Abstract
Hypertension and cerebral artery: Hypertensive damage of cerebral artery occurs in the densely innervated artery; brain base vascular nets and perforating arteries, and is characterized by medial cell necrosis (moth-eaten cell atrophy and necrosis). The pilar circumflex artery, which has less frequent innervation than the perforating artery, is not involved with hypertension. A hypertensive cerebral hemorrhage is not induced by the rupture of a microaneurysm (angionecrosis), but is due to a direct rupture at the bifurcation of a hypertensively involved perforating artery. The microaneurysm indicates a recanalisation state after a subclinical rupture of a small artery less than 200μ in diameter. Hypertension may also accelerate a lipid accumulation in the intima even in the arterioles of the perforating branches demonstrating both a luminal narrowing by intimal thickening and/or dilation due to medial cell necrosis. The former causes cerebral thrombosis in the basal ganglia, while the latter loses a vascular function by earthen pipe phenomenon in the artery. They can, thus induce a disturbance of the autoregulation system regarding intracerebral circulation. As a result, leukoaraiosis occurs and extends to the white matter of the cerebrum (Bin-swanger type dementia).

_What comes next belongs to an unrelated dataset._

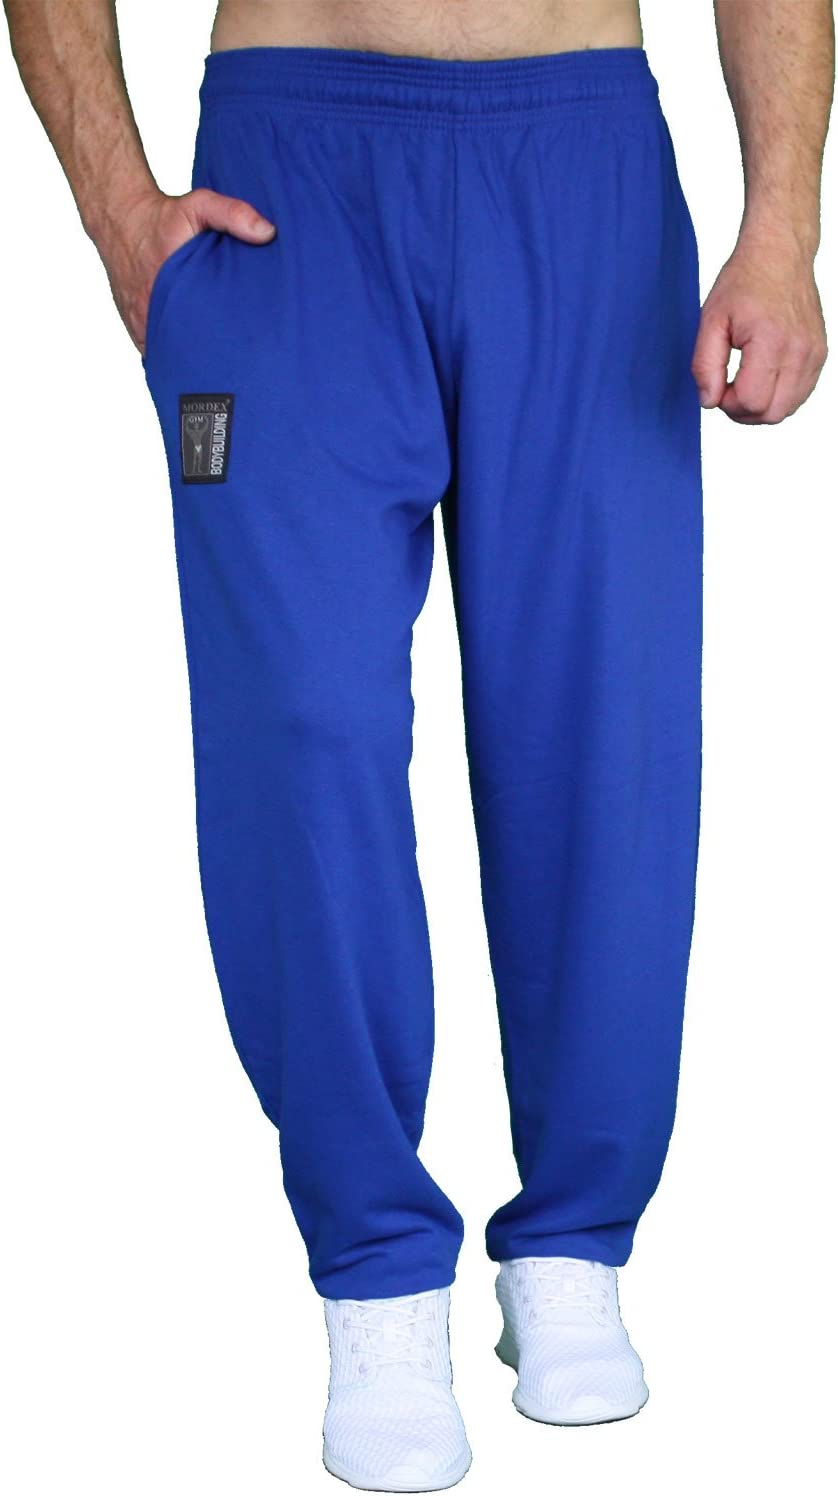 blaue 3//4 BW Bodybuilding Fitnesshose Sporthose Freizeithose MORDEX
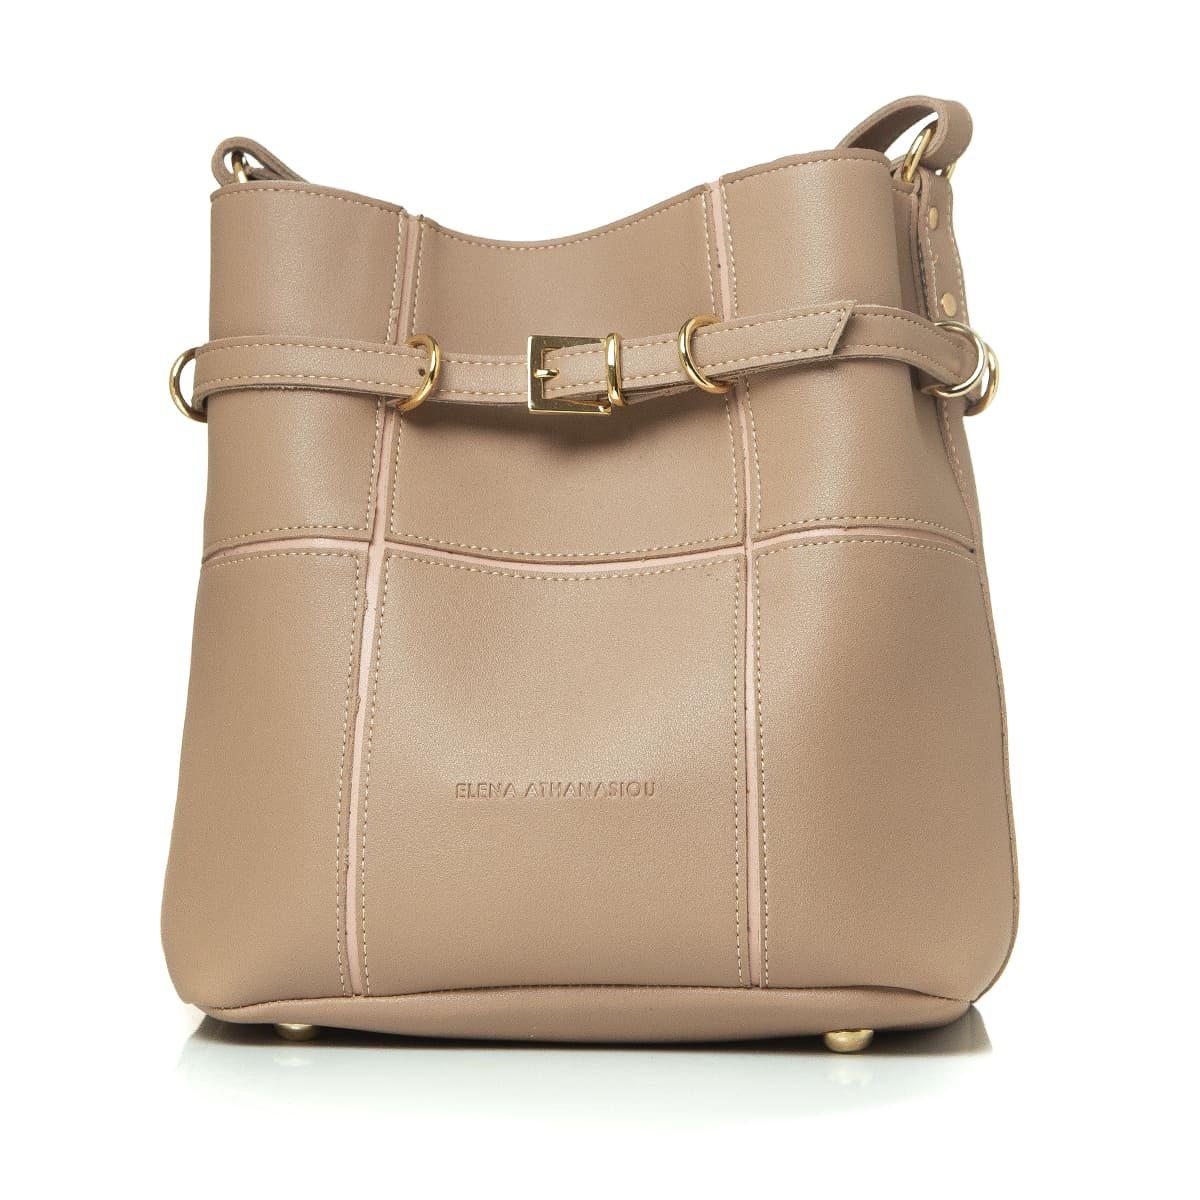 Elena Athanasiou Bags Puzzle Bag Havana L Size

Hypertension and the coronary artery: As for atherogenesis, hypertension is suppressed in the coronary artery, but coronary spasms frequently occur in variant angina which histologically reflects the adventitial inflammation of coronary artery located in the subepicardium. Accumulated inflammatory cells (lymphocytes and monocyte/macrophages) may also directly stimulate medial smooth muscle cells, and/or do so through the vascular nerve fibers in adventitia where they are densely distributed. Repeated coronary spasms may also accelerate atherosclerosis in the intima by an increased insudation of the same artery.
Hypertension and renal artery: Hypertensive vascular damage occurs in the interlobular and afferent arteries measuring 50-100μ in diameter, which are densely innervated by adrenergic & cholinergic fibers, demonstrating with either medial cell necrosis or moth-eaten atrophy. Those changes thus result in a reduced autoregulation system for glomerular circulation, and may also induce glomerulosclerosis by both ischemic and glomerular hypertension (hyperfiltration) mechanisms.